The Evolution of AI Timelines and Public Forecasts

Discussions around AI takeoff timelines have been ongoing since 2022, primarily driven by researchers, forecasters, and industry analysts. Notable efforts include Ajeya Cotra’s biological anchors, Daniel Kokotajlo’s AI-2027 scenario, and various academic and industry estimates projecting timelines from 2025 to 2030. However, these have largely been speculative or based on models and data analysis without official institutional backing.

Until now, few senior leaders in frontier labs have publicly expressed specific probabilities about AI self-improvement capabilities within concrete timeframes. The closest comparable event was Geoffrey Hinton’s resignation from Google in 2023, where he publicly voiced concerns about AI risks, but without assigning precise probabilities or timelines. Clark’s statement marks a shift toward institutional transparency and accountability regarding AI development forecasts.

“I reluctantly come to the view that there’s a likely chance (60%+) that no-human-involved AI R&D — an AI system powerful enough that it could plausibly autonomously build its own successor — happens by the end of 2028.”

— Jack Clark

Uncertainties Surrounding Clark’s 2028 Estimate

While Clark’s statement is explicit, the actual likelihood of autonomous AI systems capable of self-improvement remains uncertain. The estimate is based on current acceleration trends, but future breakthroughs or setbacks could significantly alter the trajectory. Additionally, the precise definition of ‘no-human-involved AI R&D’ and what constitutes ‘autonomous’ in this context is still subject to debate.

It is also unclear how other frontier labs or policymakers will respond, or whether this forecast will influence regulatory timelines and safety measures. The societal and technical challenges involved in achieving such autonomous systems are complex and not fully understood, adding further uncertainty.

Next Steps for Industry and Policy Following Clark’s Forecast

Industry leaders and regulators are likely to scrutinize Clark’s forecast, potentially accelerating safety research, regulation, and investment in AI oversight. Public and private sector actors may issue their own timelines or cautionary statements, influencing the pace of AI development and deployment.

Monitoring the progress of AI capabilities, especially in areas like automated research and self-improving systems, will be critical in the coming years. Researchers and policymakers will need to assess risks and establish frameworks to manage potential societal impacts if the 2028 timeline appears feasible.

Key Questions

What does Clark mean by ‘no-human-involved AI R&D’?

It refers to AI systems capable of autonomously designing, improving, and deploying new AI systems without human intervention, effectively self-improving beyond current capabilities.

How significant is Clark’s forecast compared to previous estimates?

Clark’s forecast is notable because it is an official, probability-based estimate from a senior frontier lab executive, marking a shift from speculative or individual researcher predictions.

Could the 2028 timeline be too optimistic or too conservative?

Both are possible. The timeline depends on technological breakthroughs, investment levels, and unforeseen challenges.
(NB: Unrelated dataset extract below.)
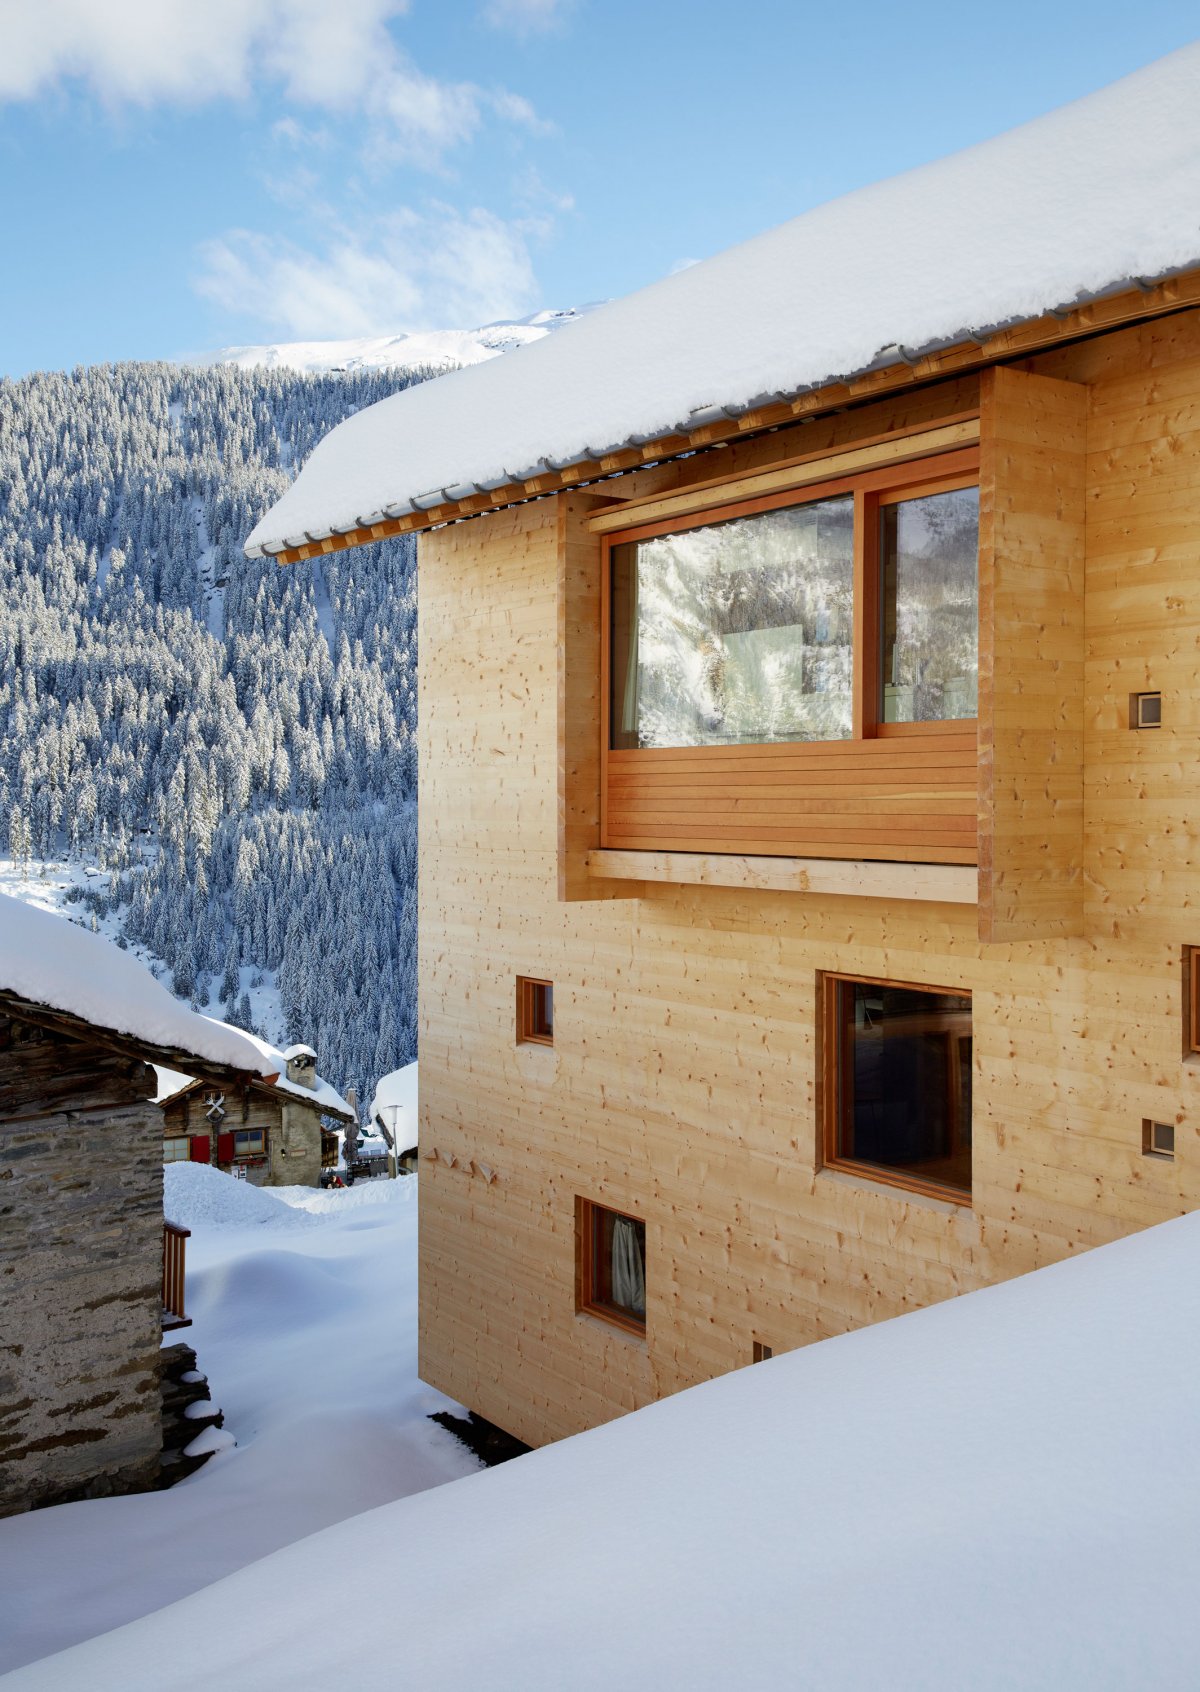 瑞士木屋建筑风格图片

Clark’s estimate reflects current acceleration trends but is inherently uncertain.

What are the potential societal implications if autonomous AI systems emerge by 2028?
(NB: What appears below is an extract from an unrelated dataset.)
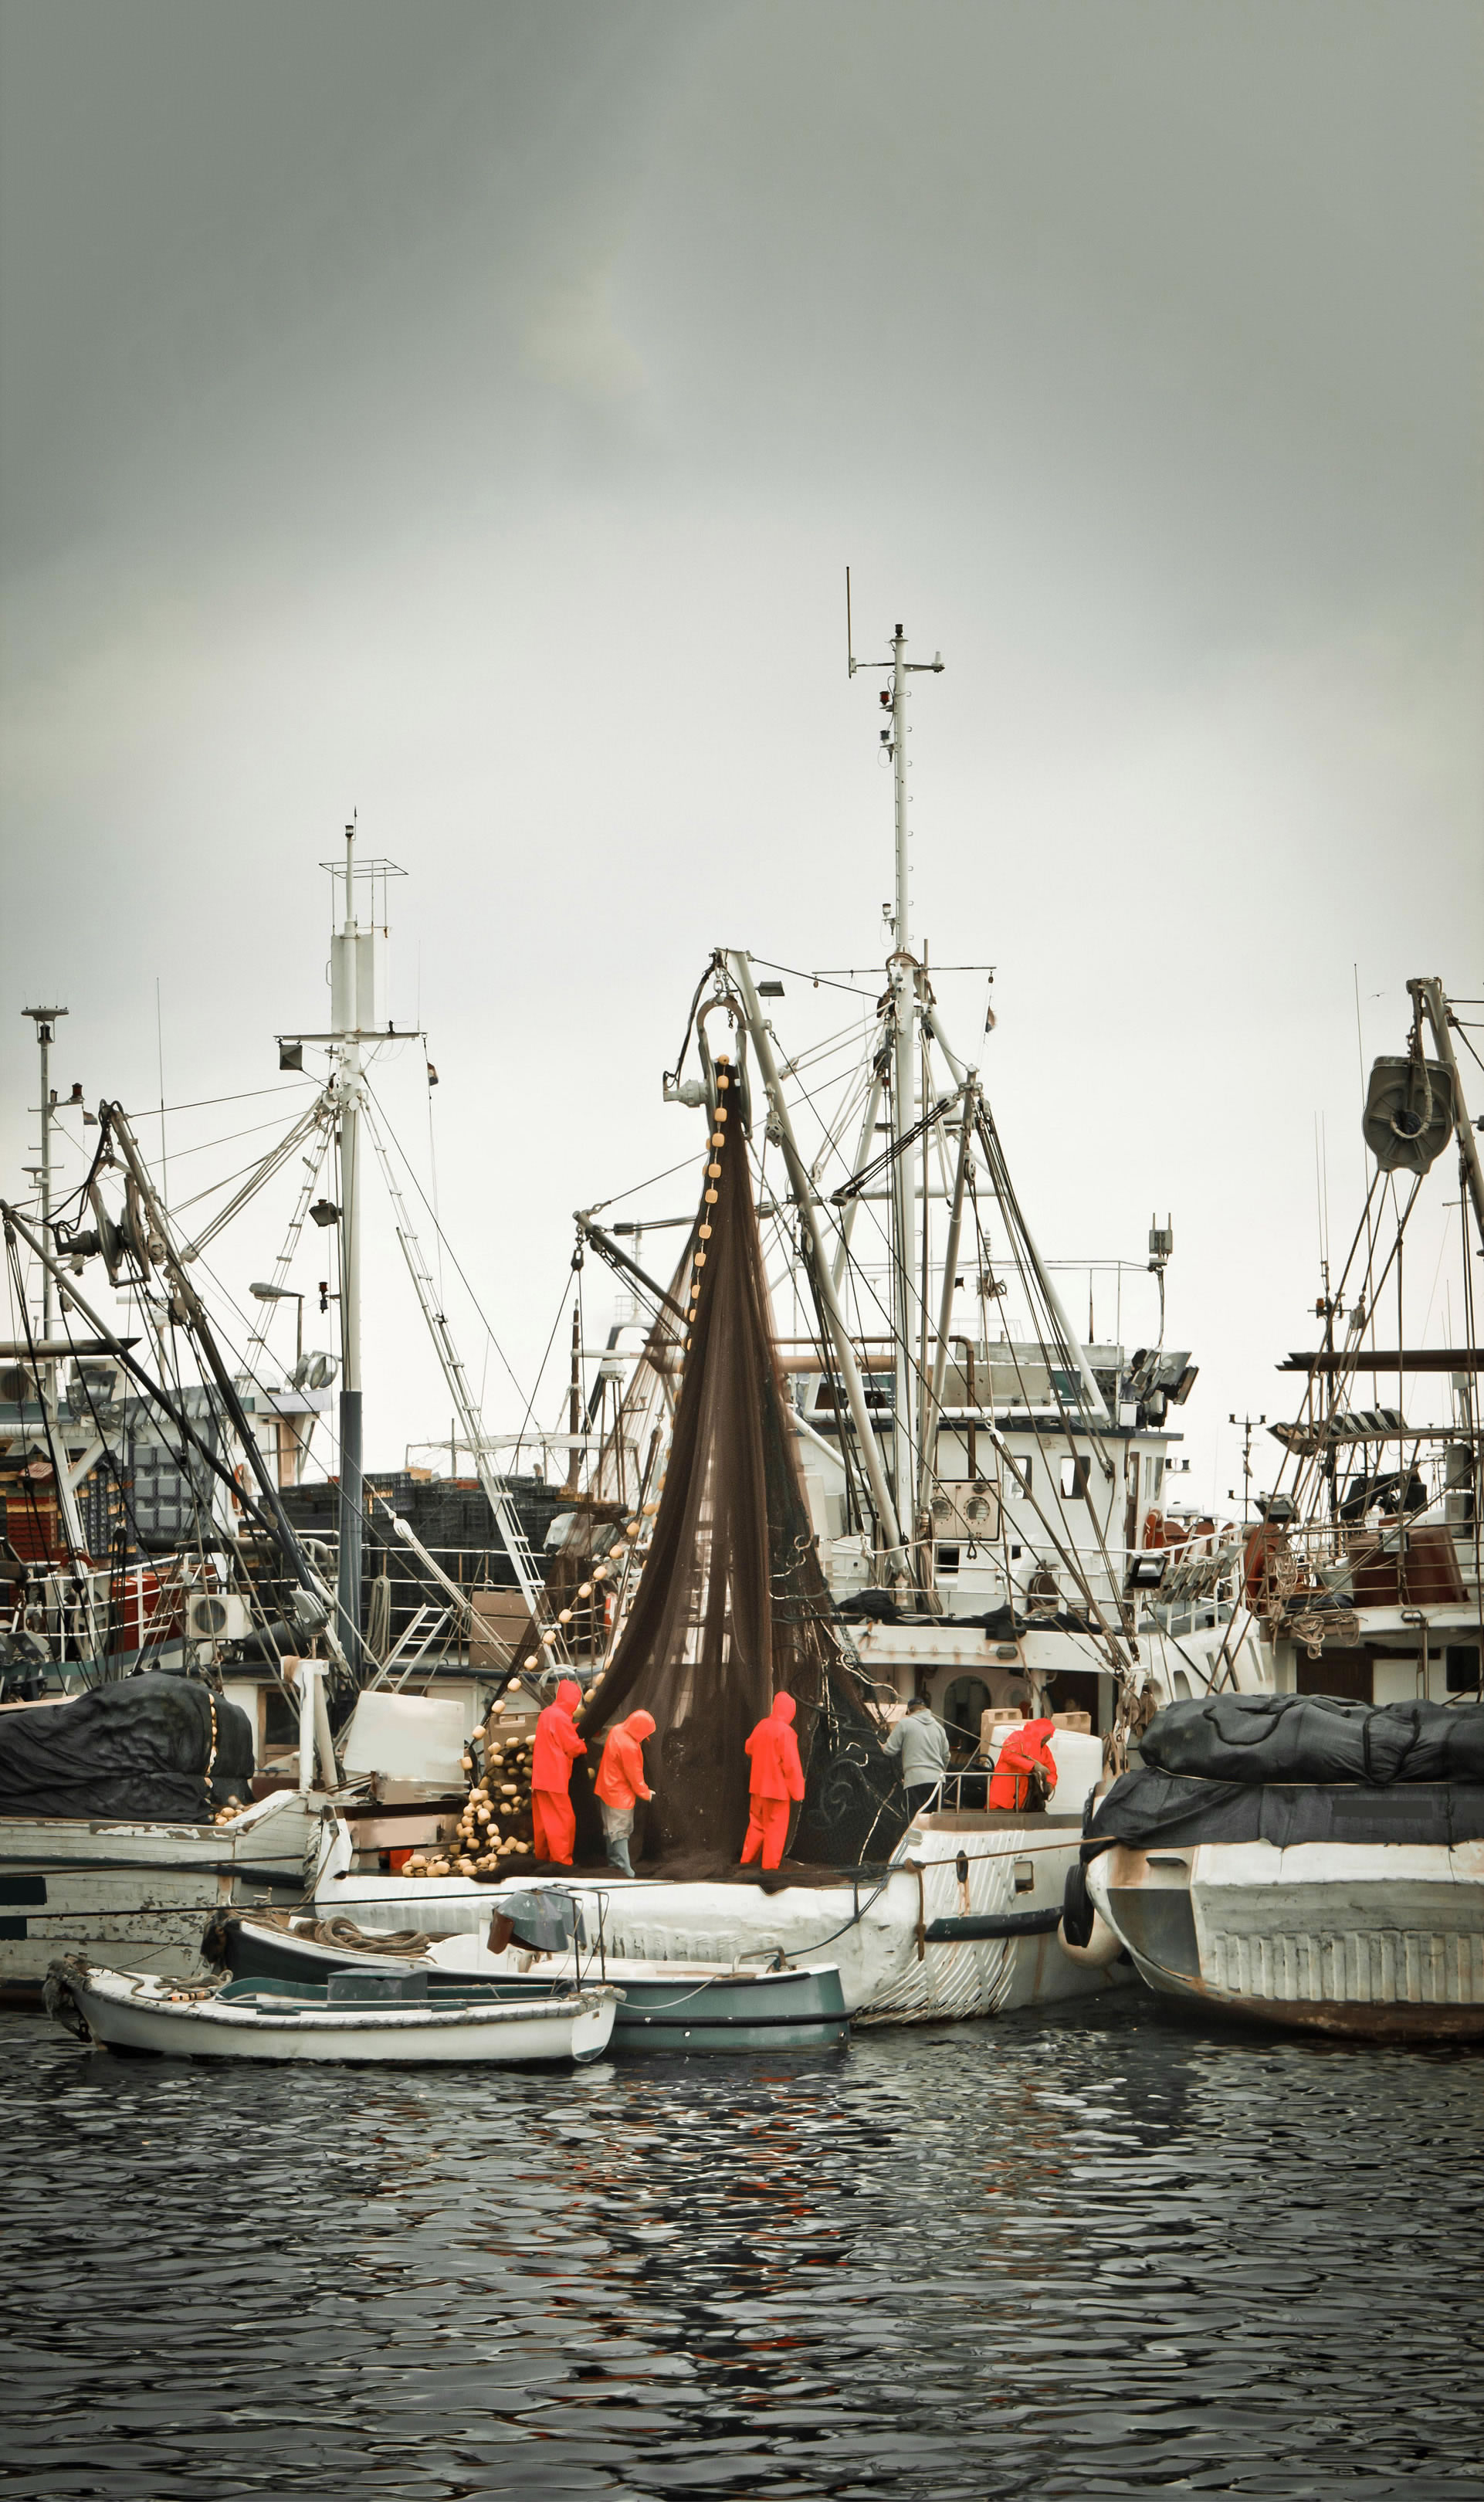 Рибари в непромокаеми работни дрехи държат риболовна мрежа на траулер, акостирал сред множество други кораби в риболовно пристанище.

Such systems could drastically change industries, security, and governance, raising concerns about control, safety, and ethical considerations. Policymakers may need to act sooner to mitigate risks.

Will this forecast influence AI regulation and safety measures?

It is likely, as public statements by influential leaders shape policy discourse. Accelerated regulation and safety research could follow if the timeline gains broader acceptance.